Notably, ~/gopath/bin/ is the first thing in $PATH. This means that if we can place a binary in ~/gopath/bin/ we have code execution because we could swap out something like ls for our own malicious ls that steals user credentials. But, cloud run attempts to defend against this by checking whether the cloned directory collides with $PATH:

	cloneDir, err := handleRepo(repo)
	end(err == nil)
	if err != nil {
		return err
	}

	if ok, err := hasSubDirsInPATH(cloneDir); err != nil {
		return fmt.Errorf("failed to determine if clone dir has subdirectories in PATH: %v", err)
	} else if ok {
		return fmt.Errorf("cloning git repo to %s could potentially add executable files to PATH", cloneDir)
	}

But, this is actually not a complete fix for this bug because they clone the repository, and then check if it placed any files in the path. If it did, they simply crash with a warning. This leaves the user’s Cloud Shell machine in a dangerous state since the cloned repository is still on the disk and could still contain malicious binaries. So if the user ran any command (ie ls since they were confused about the error message) or even opened a new Cloud Shell instance (since the contents of ~/ persist for some period of time), this would lead to code execution. The final exploit for this vulnerability required clicking a link that looked like:

https://ssh.cloud.google.com/cloudshell/editor?cloudshell_git_repo=https://github.com/ddworken/gopath.git&cloudshell_image=gcr.io/cloudrun/button&shellonly=true

Then confirming they were okay cloning the repository, and then running any command after the crash.

Conclusion

Hopefully this blog post encourages other people to get out there and give bug bounties a shot. It was a lot of fun to work with Google on these bugs and it was really interesting to get the chance to dig deep into one product.

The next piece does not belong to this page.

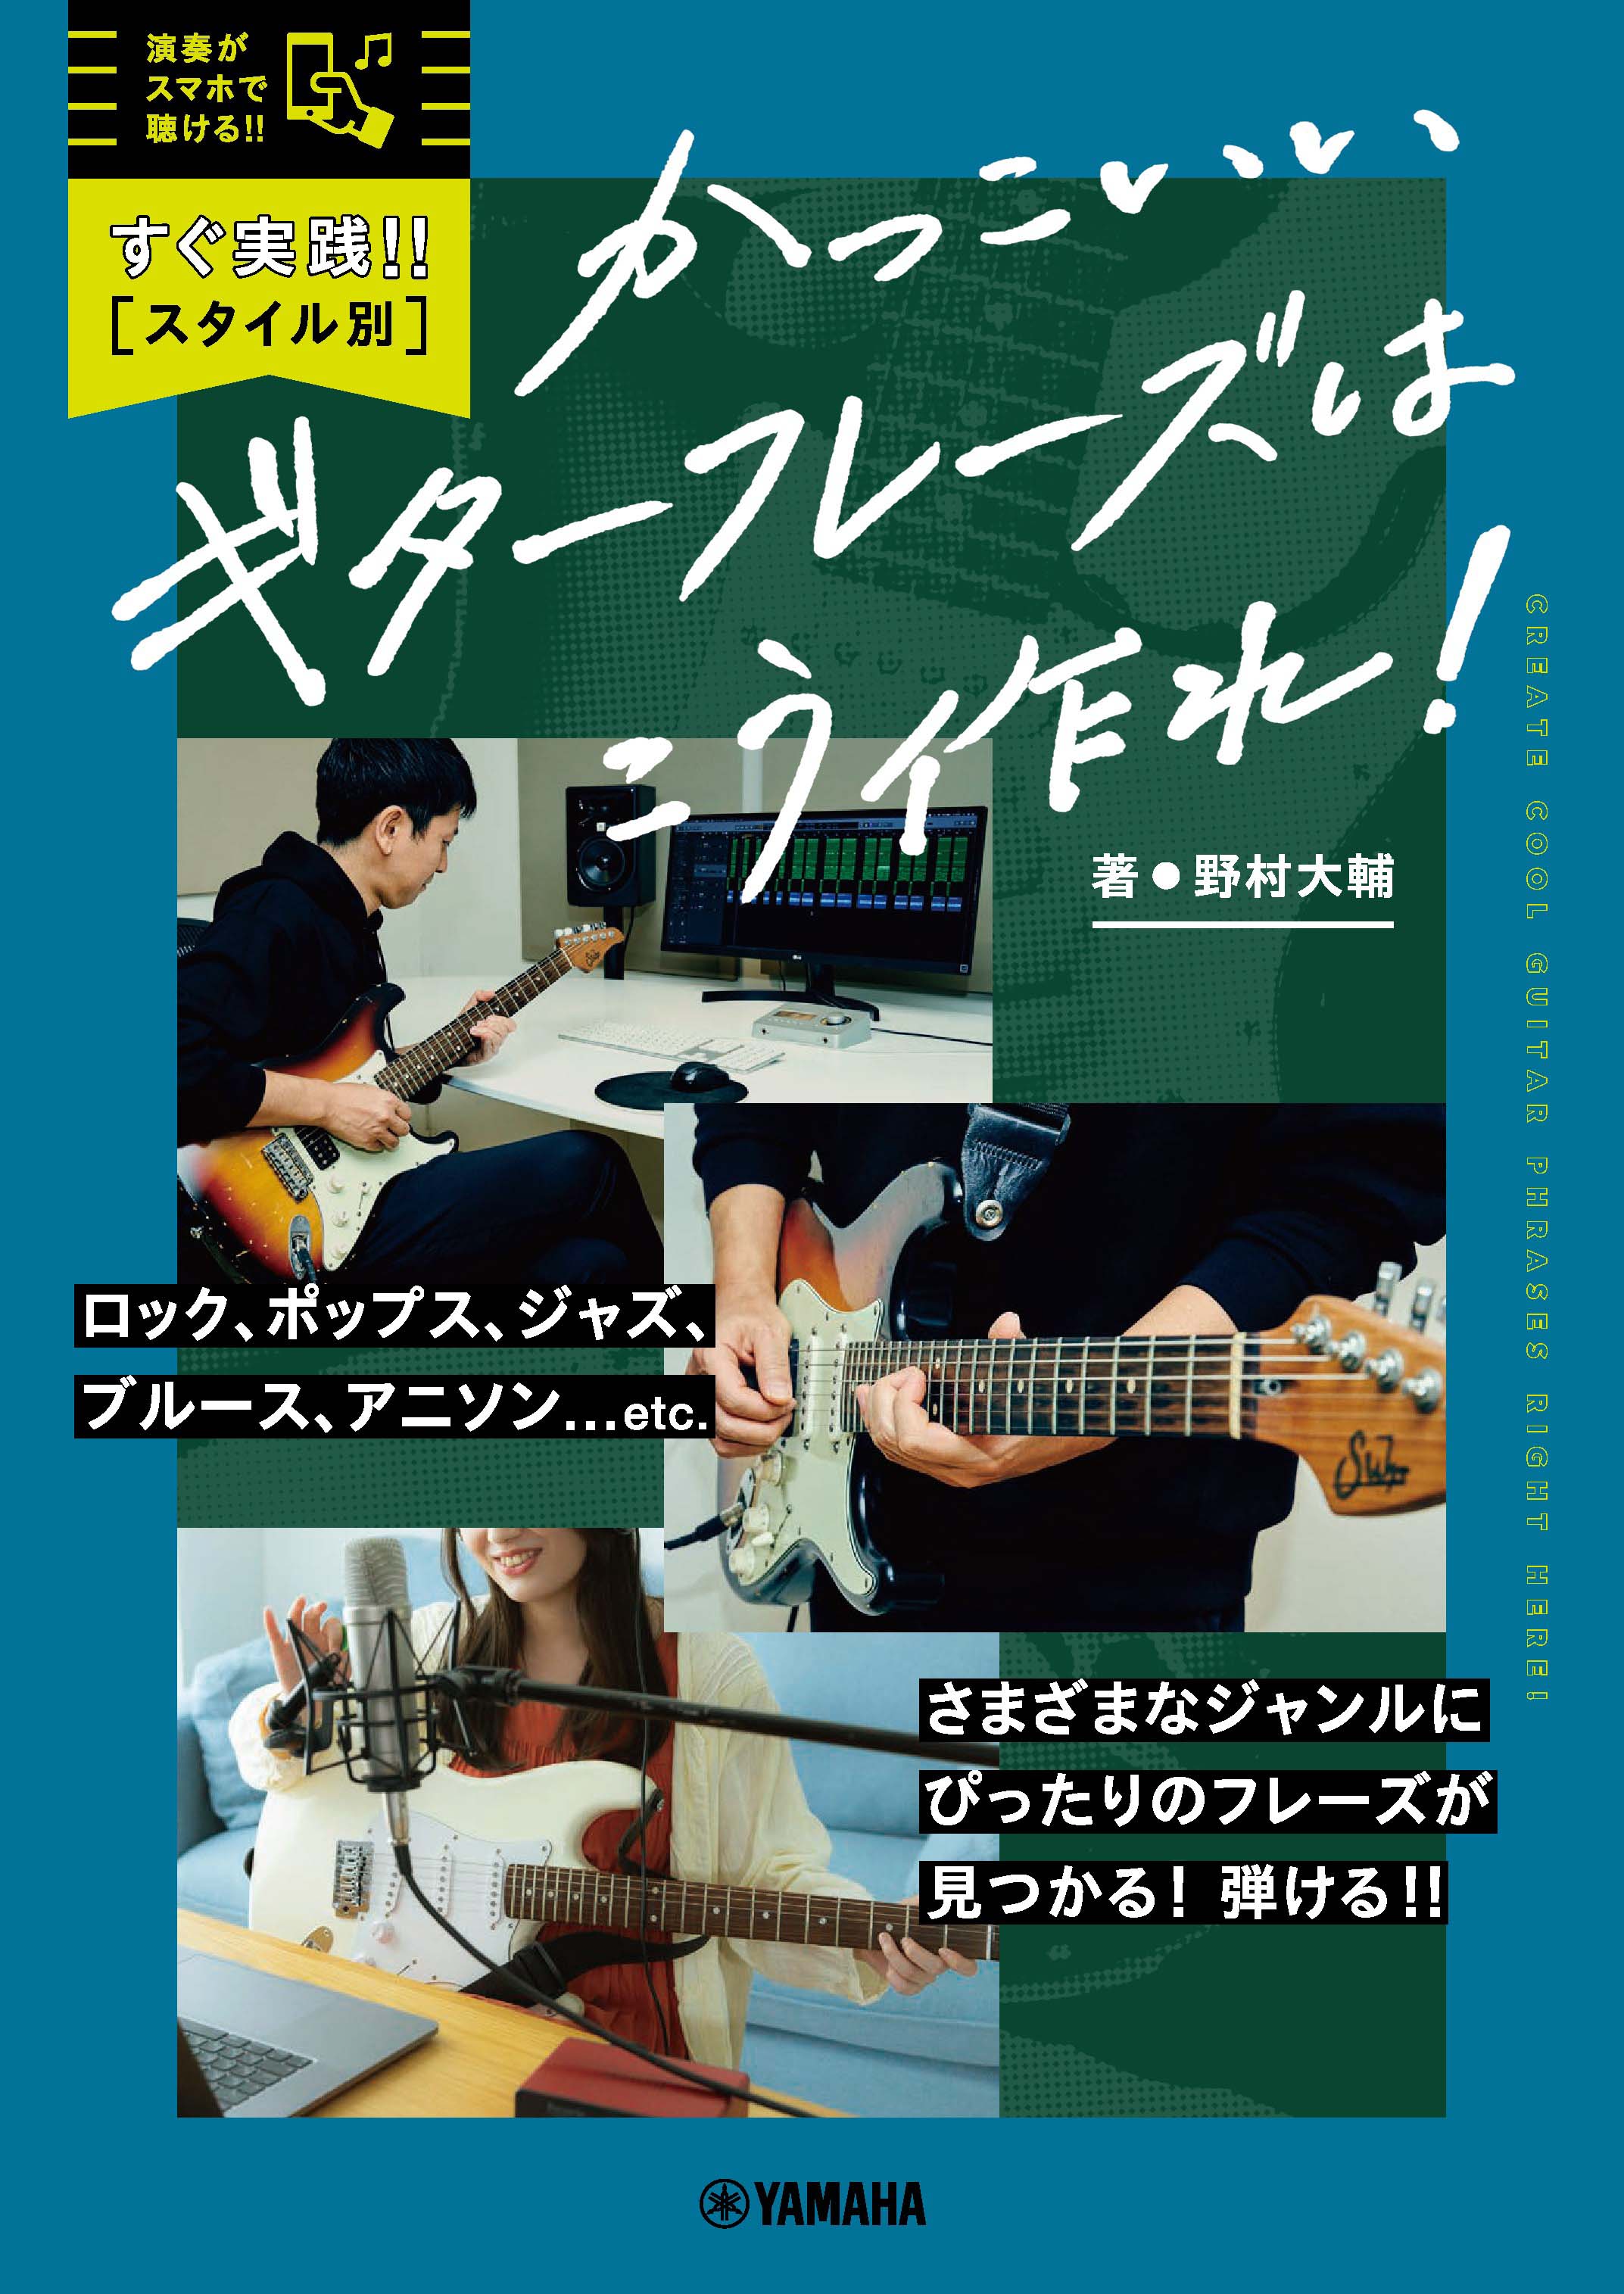 すぐ実践 スタイル別 かっこいいギターフレーズはこう作れ 2月18日発売 Newscast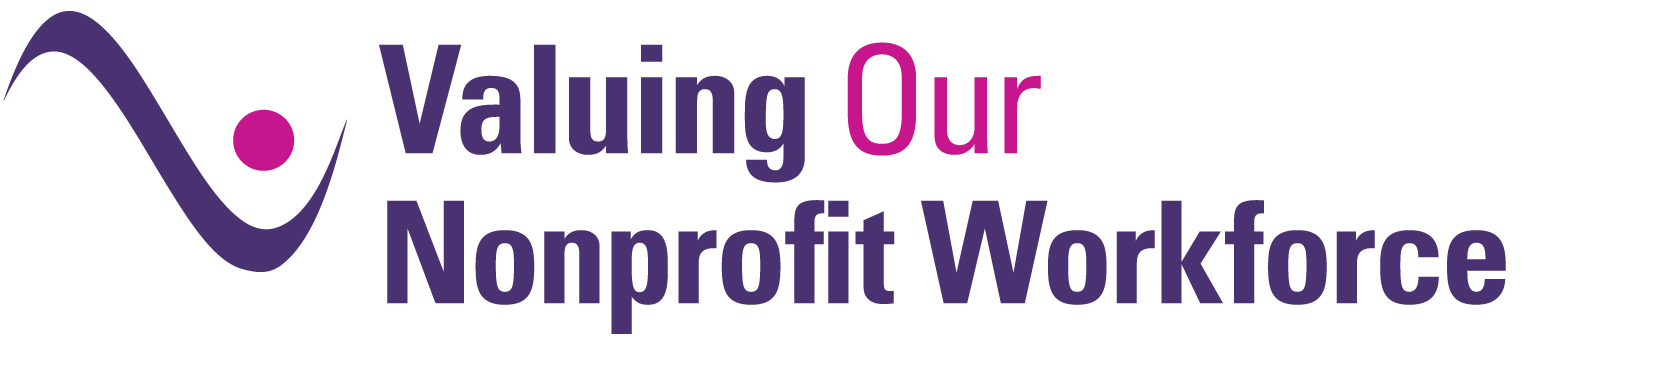 Valuing Our Nonprofit Workforce: A Compensation Survey Report

What ended up making this so interesting from a security perspective is that Cloud Shell’s threat model did not match the threat model of the software it was built on. Most IDEs seem to operate under the assumption that if a user opens a project in their IDE, they trust the project. But, Cloud Shell exposes an easy way to trick a user into opening a potentially untrusted project in a very privileged environment. This mismatch plus the fact that Cloud Shell is built on top of lots of open-source software leads to some fun bugs.